2.3. Exclusion Criteria

The exclusion criteria included a reduced lung function (FEV1 < 70% of the predicted value), a history of uncontrolled severe asthma (within 3 months before screening), an HDM-SIT during the last 5 years, major conditions of the oral cavity, systemic diseases, the usage of medications that are able to interfere with treatment, and the occurrence of systemic side effects after the administration of each dose of AIT.

2.4. AIT Treatment Protocol

Sublingual immunotherapy (SLIT) was performed with the monomeric allergoid LAIS® (Lofarma SpA, Milan, Italy), containing 50% each of Der f and Der p house dust mites. Each day, 1 tablet was kept under the tongue for 1–3 min and then swallowed. The patients were asked to refrain from drinking or eating for 15 min. The SLIT regimen consisted of an induction phase (500 AU/day) followed by a maintenance phase. Then, all children assumed the maintenance dose of 4000 AU/week for at least 12 months, as already described [10].

2.5. VD3 Supplementation

A VD3 food supplement for the prevention of pediatric musculoskeletal disorders was used.

2.6. Serum VD Level

VD levels were determined using an ELISA test (LIAISON® 25-OH Vit Assay Kit; DiaSorin S.p.A., Saluggia VC, Italy), with a detection range between 7.0 and 150 ng/mL.

2.7. Memory T Regulatory Cell Flow Cytometry Assessment

T regulatory cells were analyzed to evaluate the peripheral effector memory Tregs expressing HLA-DR [10] as a surrogate endpoint. Briefly, peripheral blood mononuclear cells (PBMC) were stained using a panel of lyophilized reagents (Lyotube #624637, BD Biosciences, Milan, Italy) for 30 min at 4 °C in the dark.
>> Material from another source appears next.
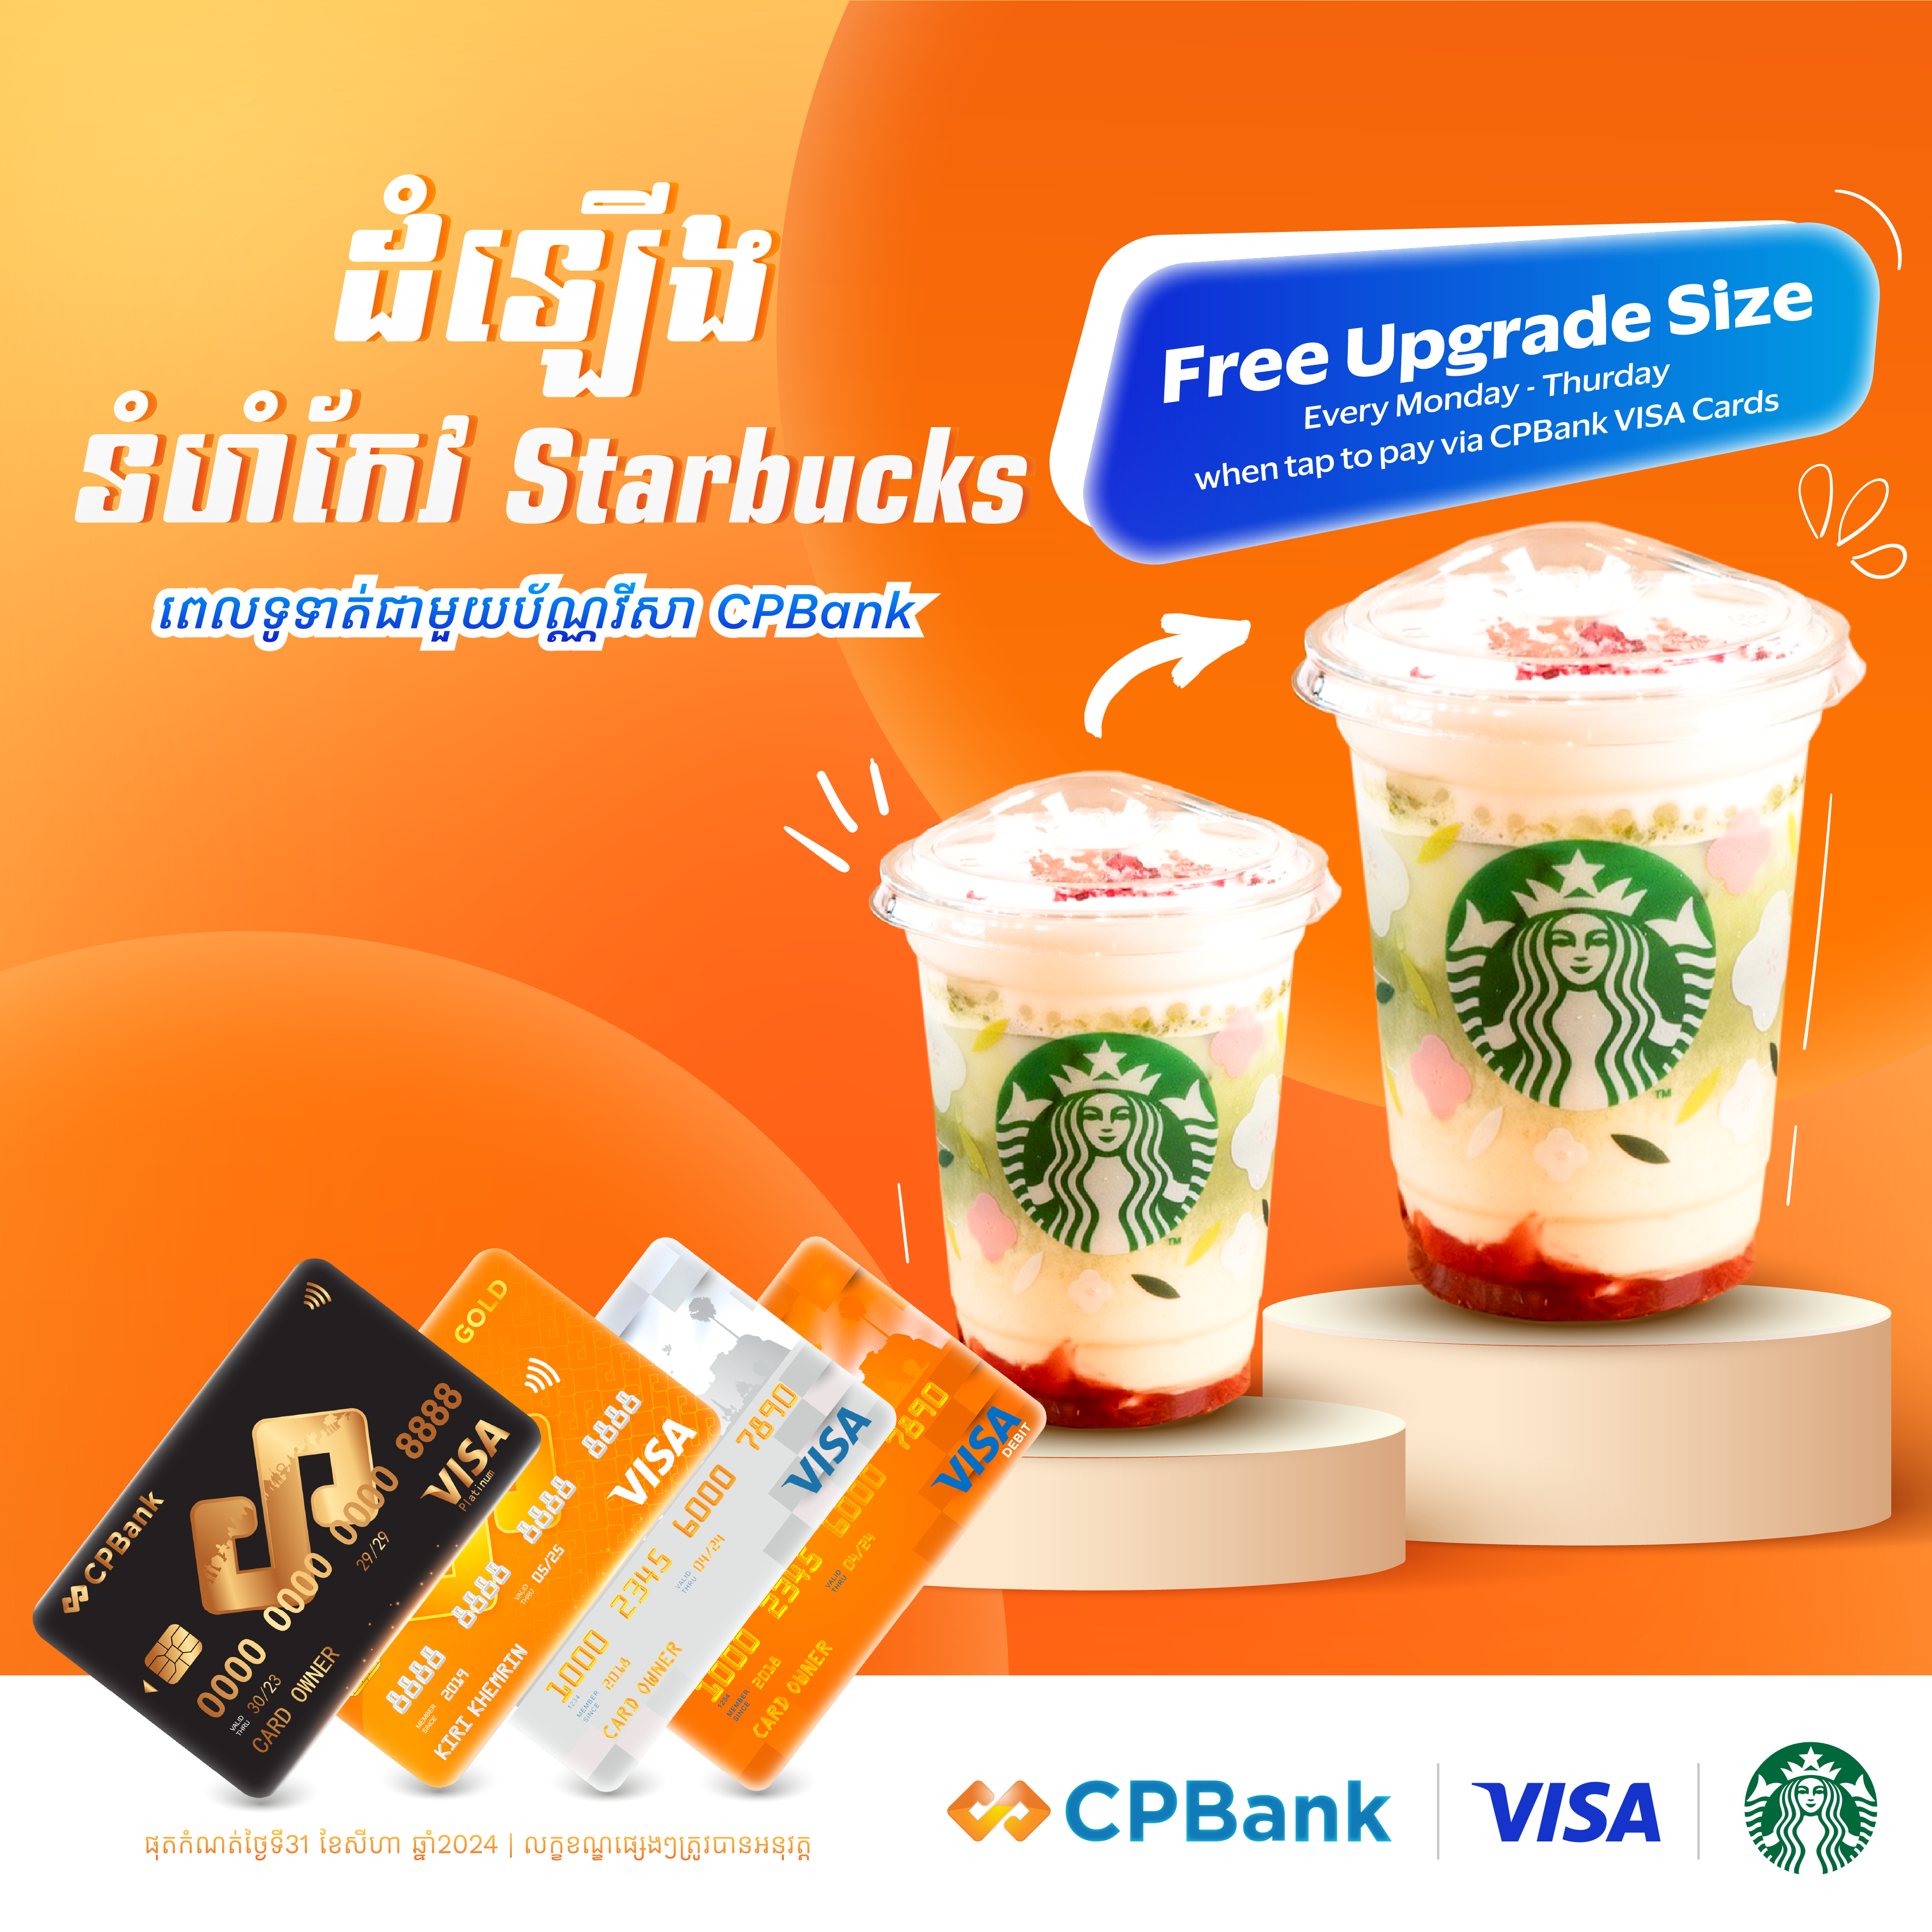 ដំឡើងទំហំកែវ Starbucks ដោយឥតគិតថ្លៃ ជាមួយប័ណ្ណវីសា CPBank

Then, the samples underwent an erythrocyte-lyse step with 1X lysing solution for 15 min at RT. Next, the samples were centrifuged and washed. For each sample, 1.5 × 105 events were acquired by the flow cytometry instrument FACSCanto. The threshold was placed on the forward scatter channel (FSC). To ensure the correct identification of negative and positive populations, cells were plotted using a dot-plot bi-exponential display. Instrument performances, data reproducibility, and fluorescence calibrations were sustained and checked by the cytometer setup and tracking module and further validated by the acquisition of 8-peak Rainbow Beads (Spherotech, BD Biosciences, Milan, Italy). Non-specific fluorescence was achieved using the fluorescence-minus-one (FMO) control method. The compensation was assessed using CompBeads and single-stained fluorescent samples. The data were analyzed using FlowJo v. 8.8.6 (TreeStar, Ashland, OR, USA). Reagents, instruments, and software were purchased from BD Biosciences (Milan, Italy), if not otherwise indicated. The HLA-DR surface expression, evaluated in terms of the mean fluorescence intensity (MFI), was normalized based on the relative expression of the respective CD4neg lymphocyte compartment. The Treg data are expressed as the median ± interquartile range (IQR).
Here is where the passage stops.